Dimensions overall: 37 x 28 cm (14 9/16 x 11 in.)

Curator: This is Earl Butlin's drawing, “Hinge,” dating from around 1938. It's executed in pencil on what appears to be toned paper. Editor: It possesses a stark and mechanical elegance, almost brutal in its simplicity. I feel like it could be a symbol for connection or… resistance? Curator: An interesting reading! I'm drawn to the repetition of the semi-circular shapes and how the screws, carefully delineated, suggest a kind of codified permanence. Think about it, the hinge has served as a visual shorthand for linkage and possibility for millennia. Editor: Indeed! As someone oriented towards social and historical contexts, the drawing presents, to me, a broader cultural narrative. The Great Depression of the late 1930's provides the setting: A tool. Simple and useful, born out of a society where resourcefulness and mending, where keeping doors and windows secured, are virtues of great practical consequence. Curator: So the symbolism carries even deeper? It almost resonates with images of stability that recur throughout history: architectural drawings of arches and other components that assure that structures can carry the weight and fulfill their function over decades. Editor: Precisely. It prompts reflections on industrial labor, economic strife, the functional design inherent to that moment, and its relation to gender.
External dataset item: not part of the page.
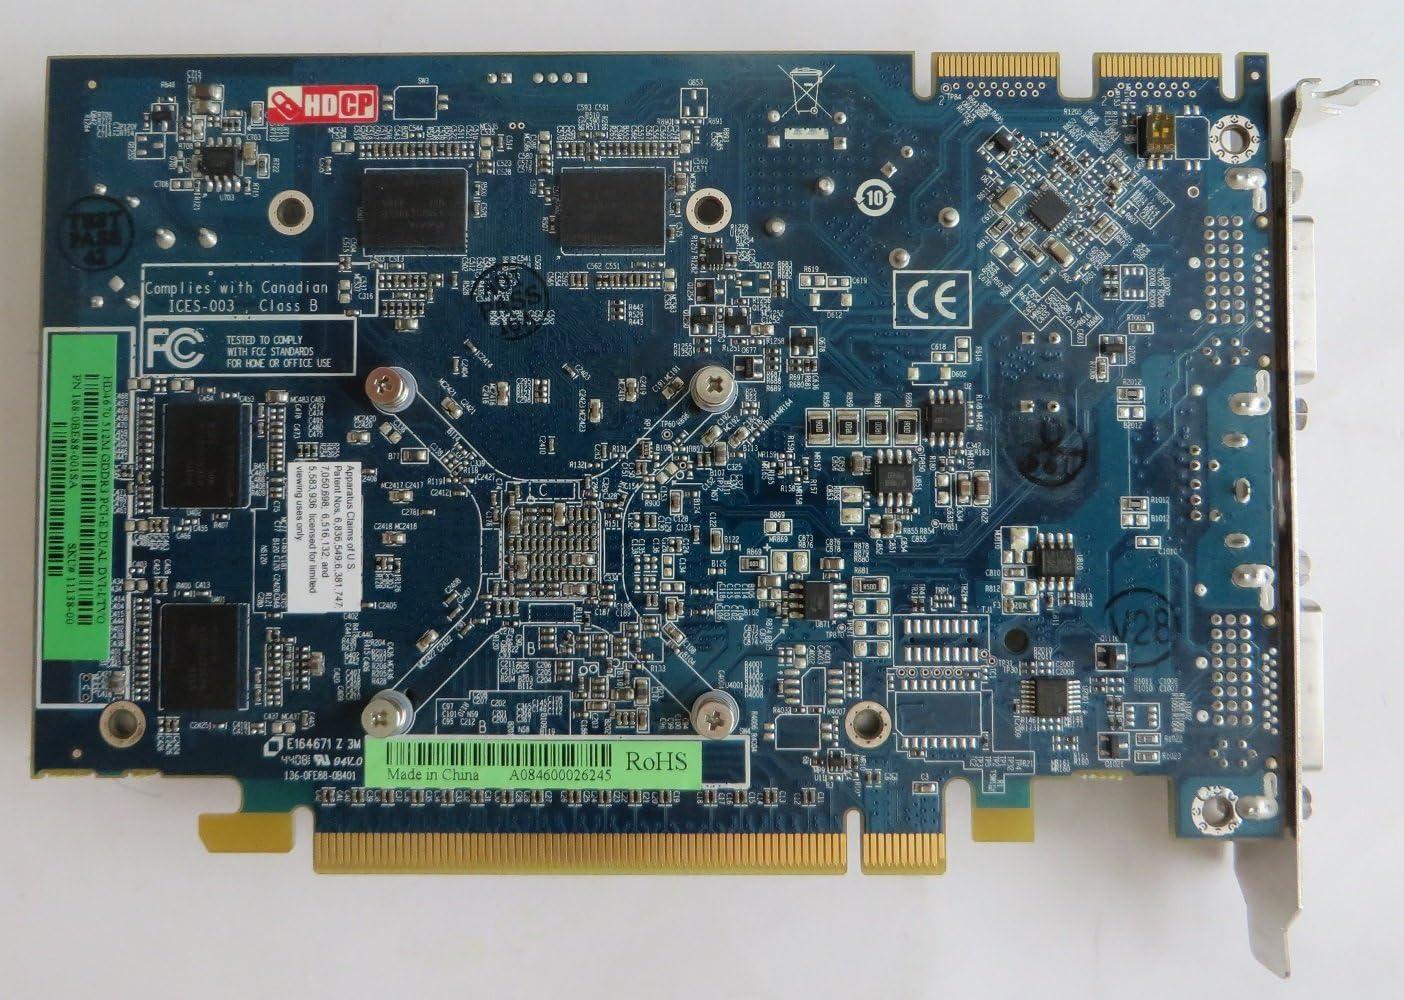 Sapphire Radeon HD4670 512MB DDR3 Dual DVI TVO PCI-Express Graphics Card
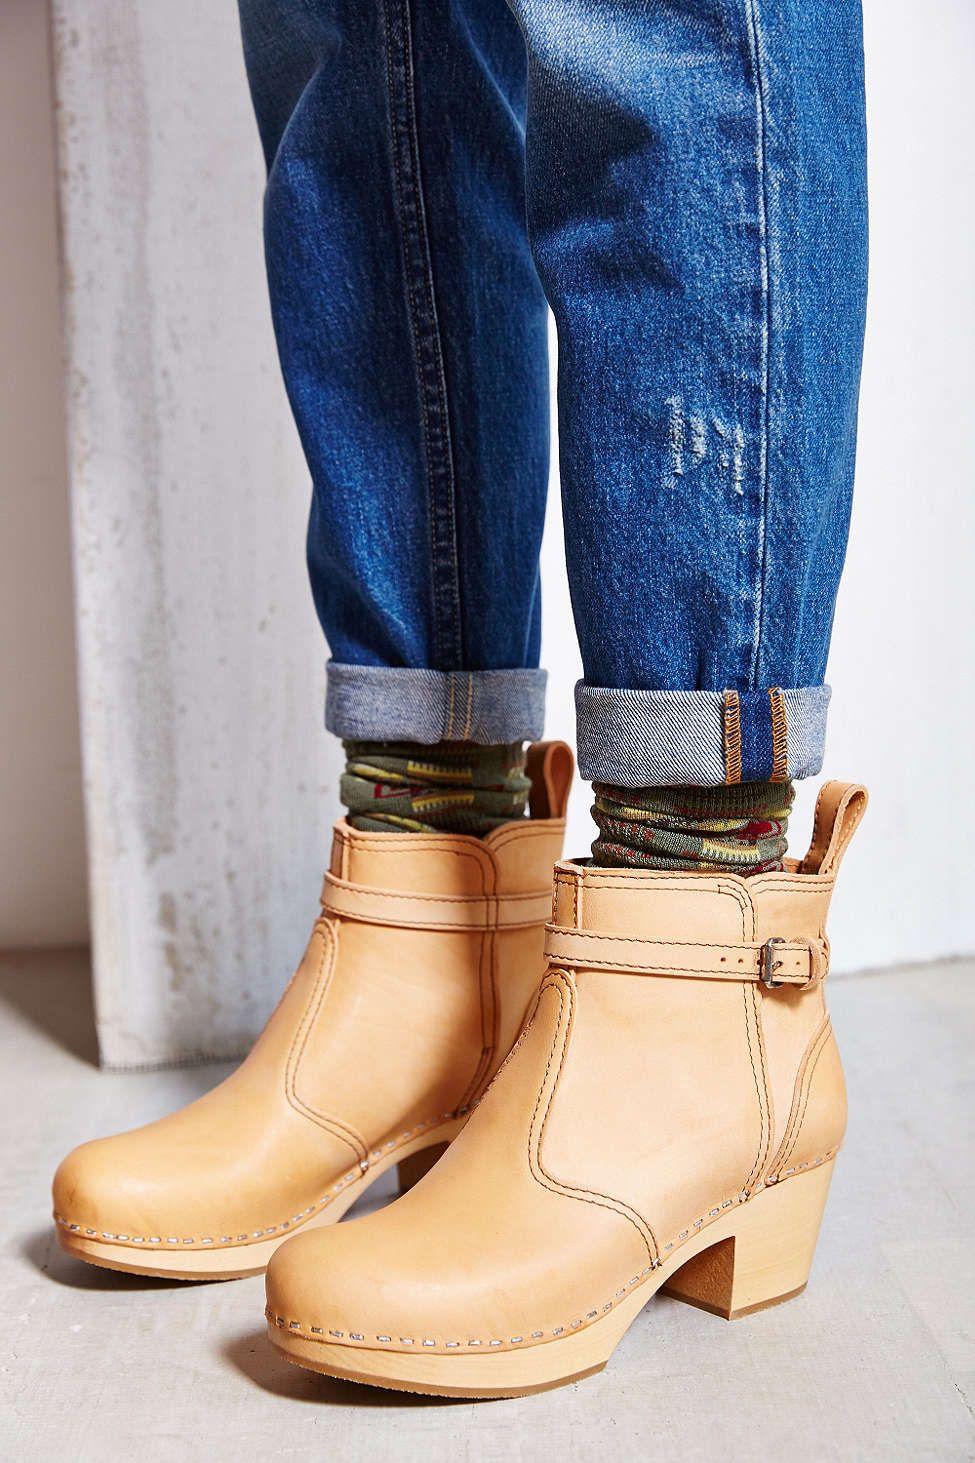 fb96843bd76 Swedish Hasbeens Jodhpur Boot - Urban Outfitters

Think of the era, what types of labour hinges were for then! In those patriarchal roles of fixing a house or furniture, were there opportunities for working class individuals to gain respect in ways they were denied elsewhere? Curator: I had not perceived all that depth, and I appreciate the perspective, while I remained primarily focused on the basic geometric form itself. Perhaps, this 'hinge' swings open on an exploration that has only just begun! Editor: I am left pondering, does this mundane artifact, rendered so meticulously in pencil, symbolize both confinement and liberation during periods of acute crisis? Food for thought, isn't it?